Now, as the shock settles in, aviation experts and investigators are asking the uncomfortable question: How does something like this happen at one of the busiest airports in the country?
Aviation expert and former National Transportation Safety Board official Greg Feith told 9News the sheer size of DIA’s property is part of the problem. “One of the biggest issues is how vast it is,” he said. “There are miles and miles of fence and property — very obscure places, places that nobody expects to see on a regular basis.”Feith also pointed out a significant surveillance gap, noting that “airports don’t typically have closed-circuit TVs monitoring fence lines” — and suggested that may need to change.
Investigators are also asking how often DIA sweeps its perimeter for breaches, and whether any security cameras actually captured the trespasser before the tragedy unfolded. For what it’s worth, DIA did check the exterior fence line after the incident and found it to be intact — meaning the person apparently found a way through without leaving an obvious breach.

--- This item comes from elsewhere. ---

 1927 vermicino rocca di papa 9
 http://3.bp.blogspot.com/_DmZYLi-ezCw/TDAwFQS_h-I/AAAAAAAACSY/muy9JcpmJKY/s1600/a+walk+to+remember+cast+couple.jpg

The National Transportation Safety Board has been notified and is actively investigating, with a focus not only on how the perimeter was breached, but also on the emergency evacuation itself — an area the NTSB has flagged concerns about in recent years, particularly when panicked passengers grab carry-on bags before exiting. Feith says he expects answers relatively quickly. “I think this will be a very quick investigation — probably within a week or two, we should have some very good information from the NTSB, the FAA, and even Denver International,” he said.

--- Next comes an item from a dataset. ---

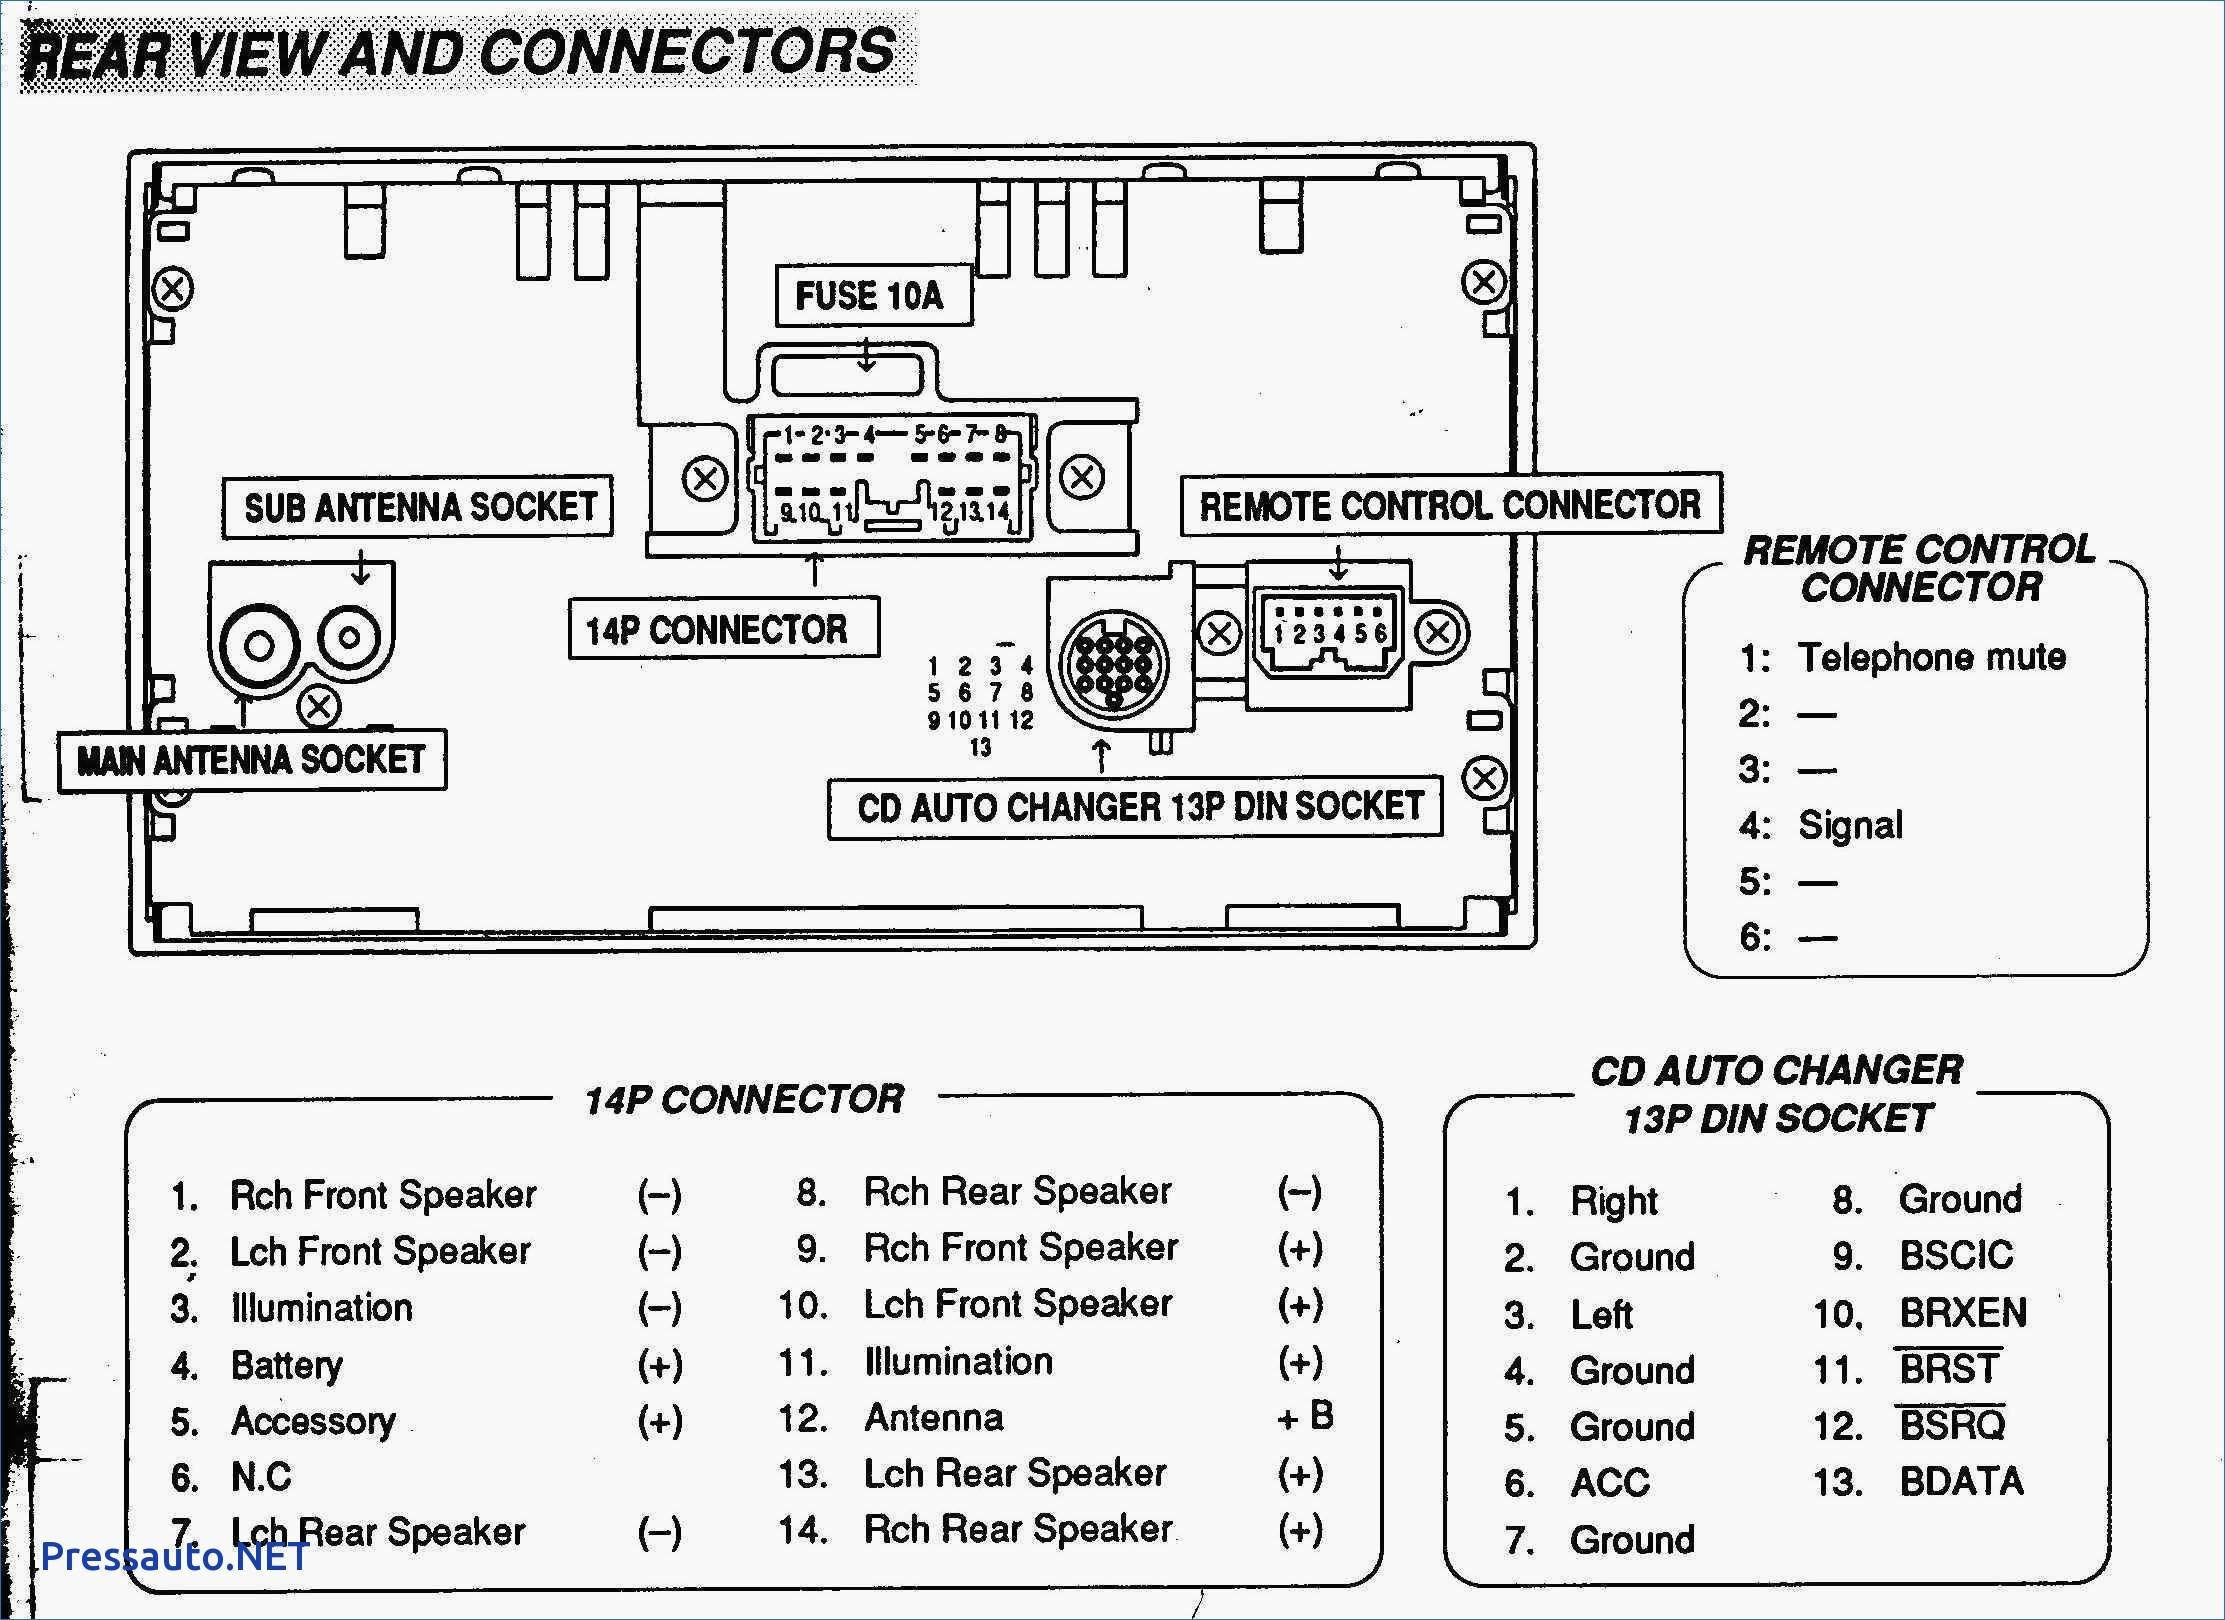 09 mitsubishi lancer fuse diagram wiring diagram new 2014 Corolla Radio

DIA spokesperson Alex Washington didn’t mince words in a statement, calling what happened “a horrible and preventable tragedy that has affected many due to the actions of one person who apparently trespassed at an airport and lost their life as a result.” The unidentified individual is not believed to have been an airport employee.
For the passengers on board, the trauma was real. “Honestly, I thought I was going to die,” passenger Mohamed Hassan told 9News. “A lot of people next to me were screaming and crying.” Another passenger, Kimberly Randle, described the scene after the engine fire erupted. “In a few minutes, they finally opened the door. People were running to get out of the plane,” she said. “It was chaos everywhere.”
The runway where it all happened — 17L — has since reopened, but the bigger questions about how a person can breach the perimeter of a major international airport and make it all the way to an active runway are very much still open.